You ran ahead of Bucky making your way up the stairs when you heard him grunt. You turned to see one of the flagsmashers attacking him, "Bucky!" You shouted as you made your way back down. He was in a chokehold and was fighting his way out. He shooed you away with his hand as he managed to say, "Go!" You furrowed your eyebrows, shaking your head, "I'm not leaving you behind."
Bucky got himself loose then kicked the man down the stairs. He jumped down, kicked him into the wall, walked over to his unconscious body, and said "Stay there." You couldn't help the grin that crept up to your lips. Sure this was a serious moment but he was such a dork. It was cute.
He made his way back up the stairs trying to hide his confidence, "Let's go." He placed his hand on your shoulder leading you up.
When you walked into the room where all the action was going on a dagger came flying towards Bucky. With ease, he dodged the dagger then grabbed it. As he started fighting the man who tried to kill him someone came up from beside you trying to attack, but you were faster than they were. You stepped back grabbing onto their fist that lunged to your face. Without a struggle, you punched them in the gut and pushed them down to the floor.
Suddenly Lemar came rushing in to save his best friend. What happened next was too quick to understand.
Karli punched him a little too hard. It sent him flying back into the pillar. Even through all the fighting, you could hear the crack of bones. Everyone stopped. It was like slow motion. The man who was holding John back let him go.
He made his way to Lemar trying to regain his conscious but it wasn't working. He was already gone.
The flagsmashers all made a run for it. You, Sam, and Bucky went chasing after them.
You made your way to the front of the building to see a crowd of people with their phones out. That's when you saw it.
John proudly holding onto a bloody shield. A man dead on the floor.
You felt sick. You could taste the bile rise up to your mouth as you swallowed it down. With one hand rested in your stomach and the other on your mouth you turned unable to look at the scene in front of you. Concerned Bucky pulled you in with one arm hiding your face into his shoulder.
You tried taking deep breaths and closing your eyes but you could see John plunging the shield into that poor man's body. Of course you'd gone on missions before and seen blood, injuries, and sometimes death. But this was the most gruesome thing you'd ever lay your eyes on. You could hear everything that was going on and prayed for it to end.
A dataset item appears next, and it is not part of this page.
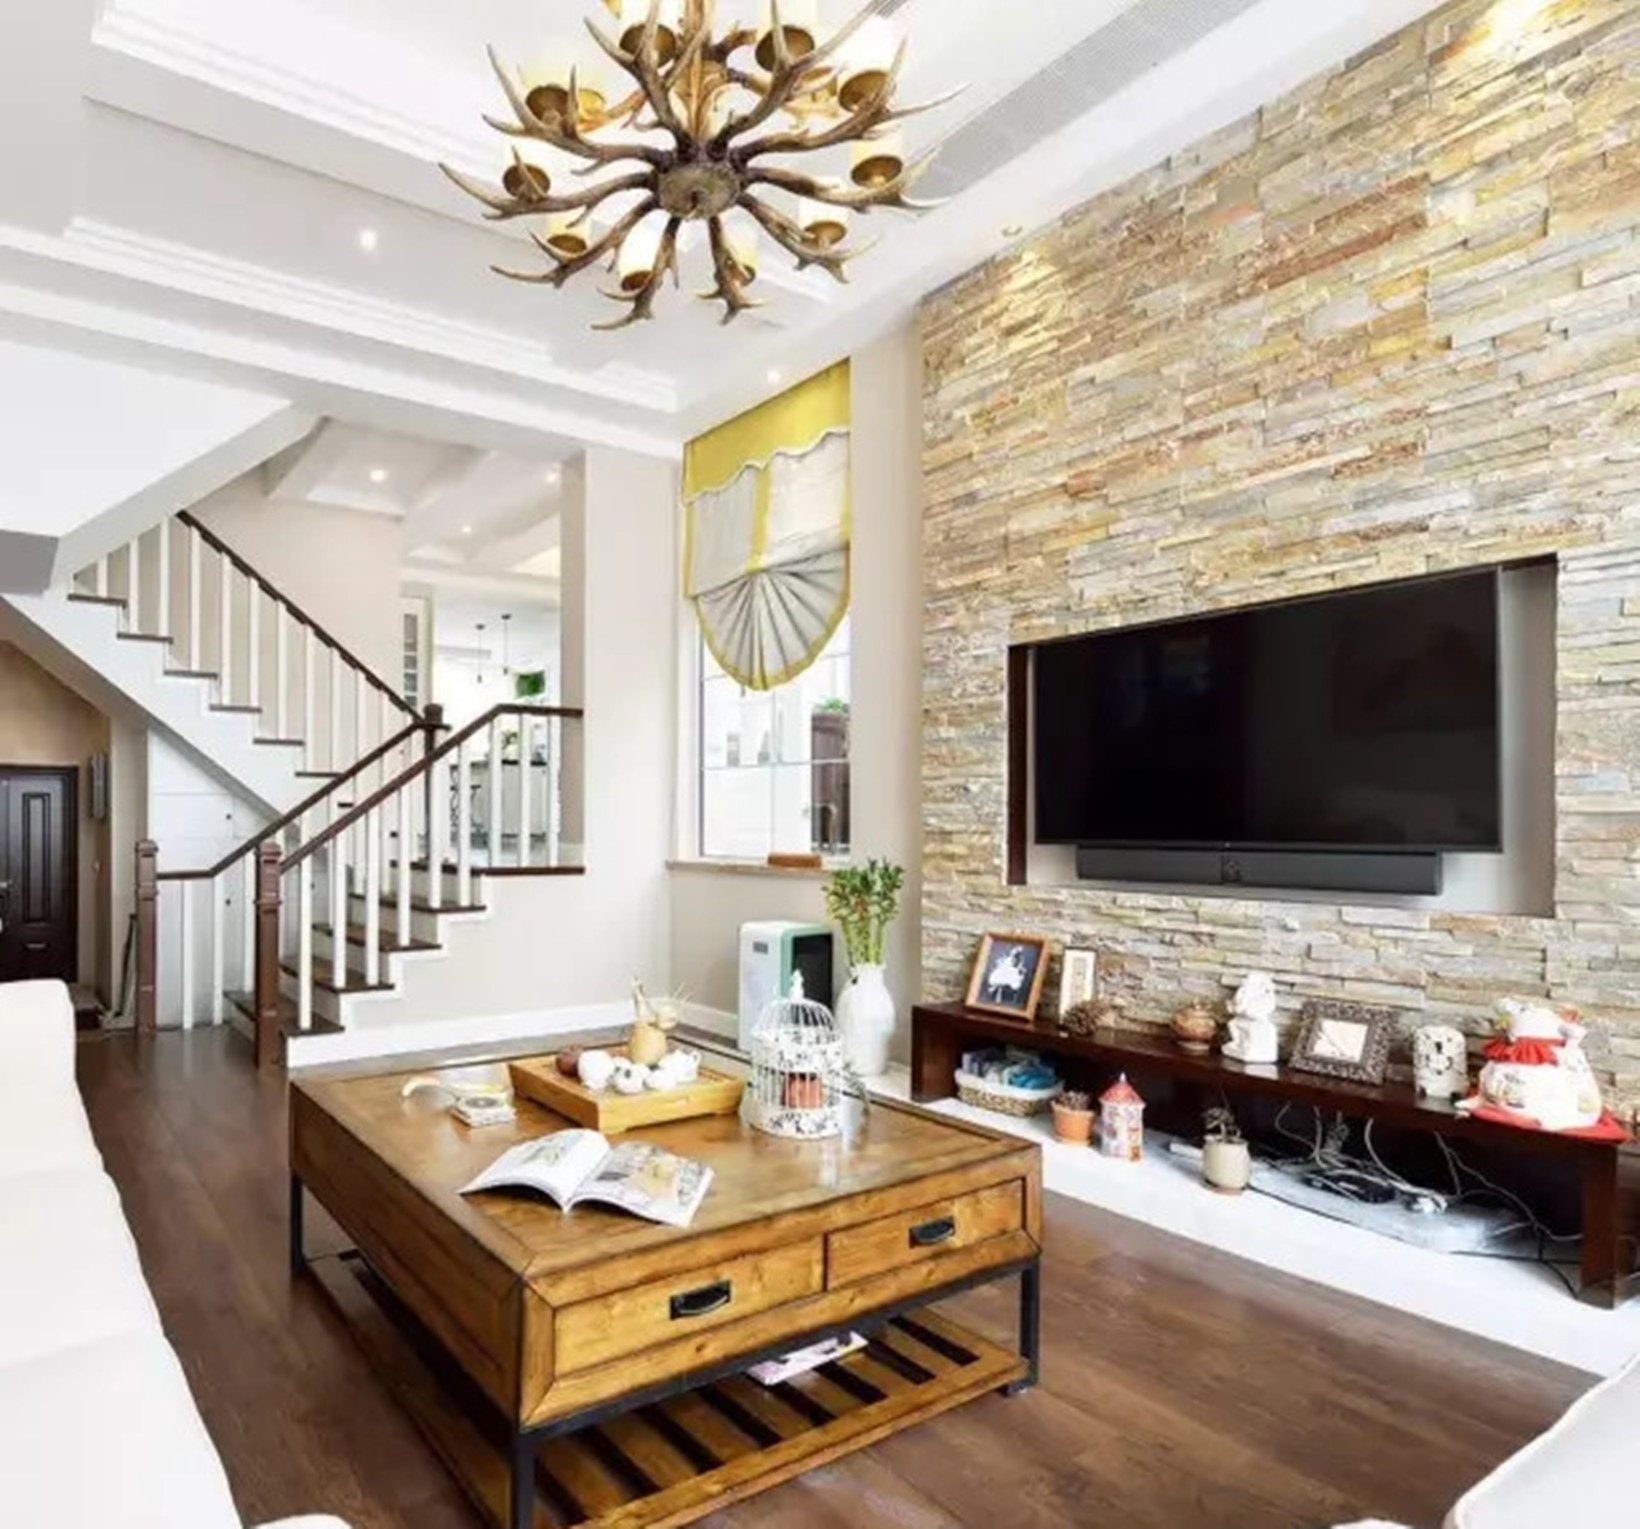 美式 现代 别墅 清爽 客厅图片来自高度国际装饰宋增会在孔雀城280平米清爽现代美式设计的分享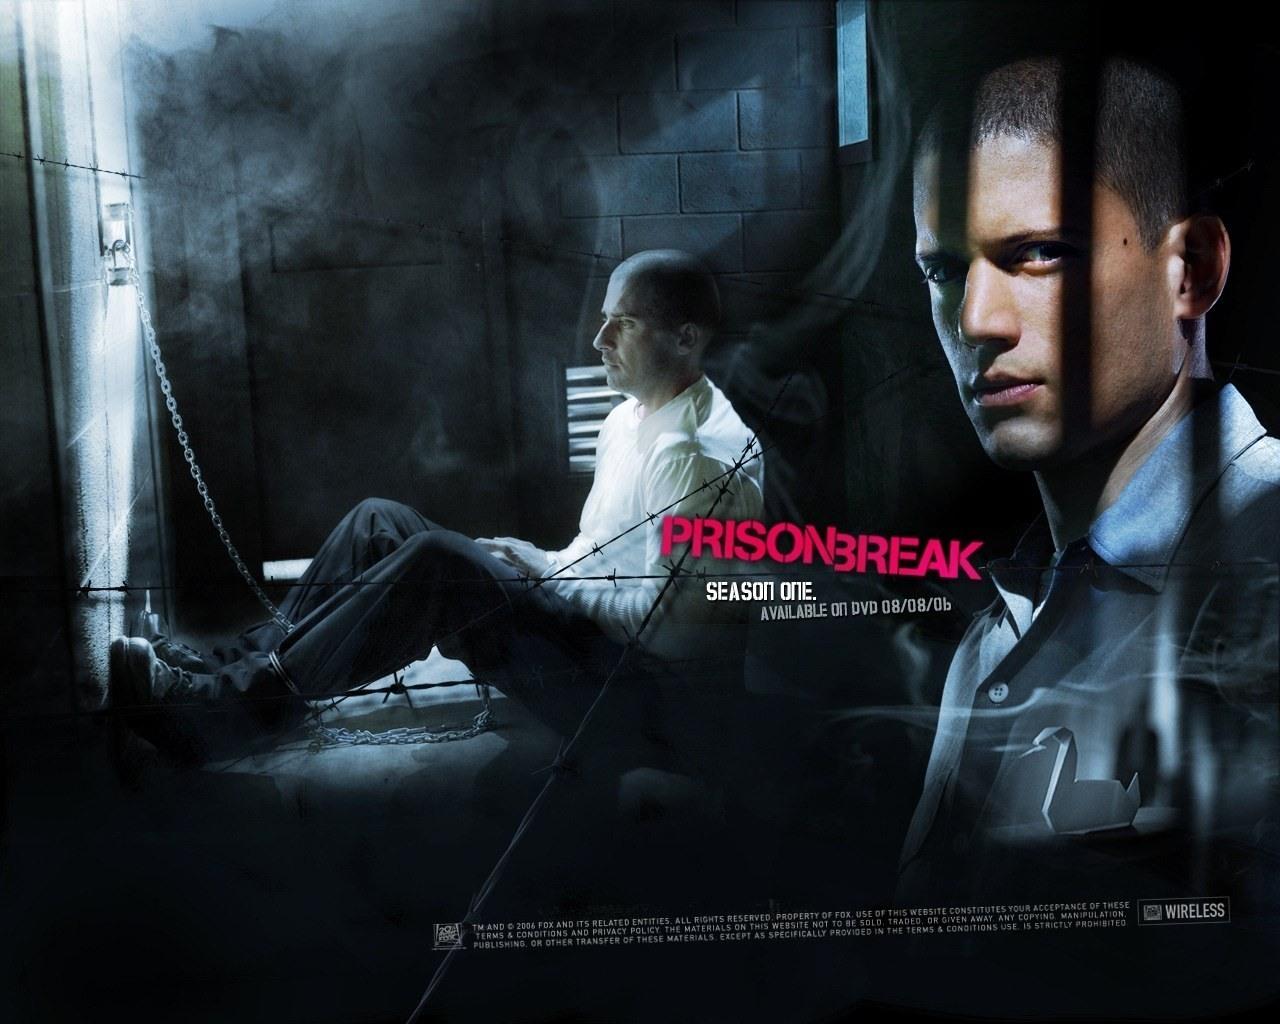 prison breake

When it finally did Sam motioned for you and Bucky to follow him, "You go on we'll catch up." Sam gave you a concerned glance. He didn't want to leave you considering how sick you looked but he also couldn't allow John to getaway. He nodded to Bucky before running after John.
Bucky lowered his head to look you in the eyes and put his hands on your shoulders keeping you a small distance away, "Are you up for this? If not you can sit this one out no one will judge you." His eyes filled with worry as he examined your face.
Your eyes were to the ground as you took some more breaths in calming yourself down. A few seconds later you nodded looking up to lock eyes with him, "Let's take the shield back."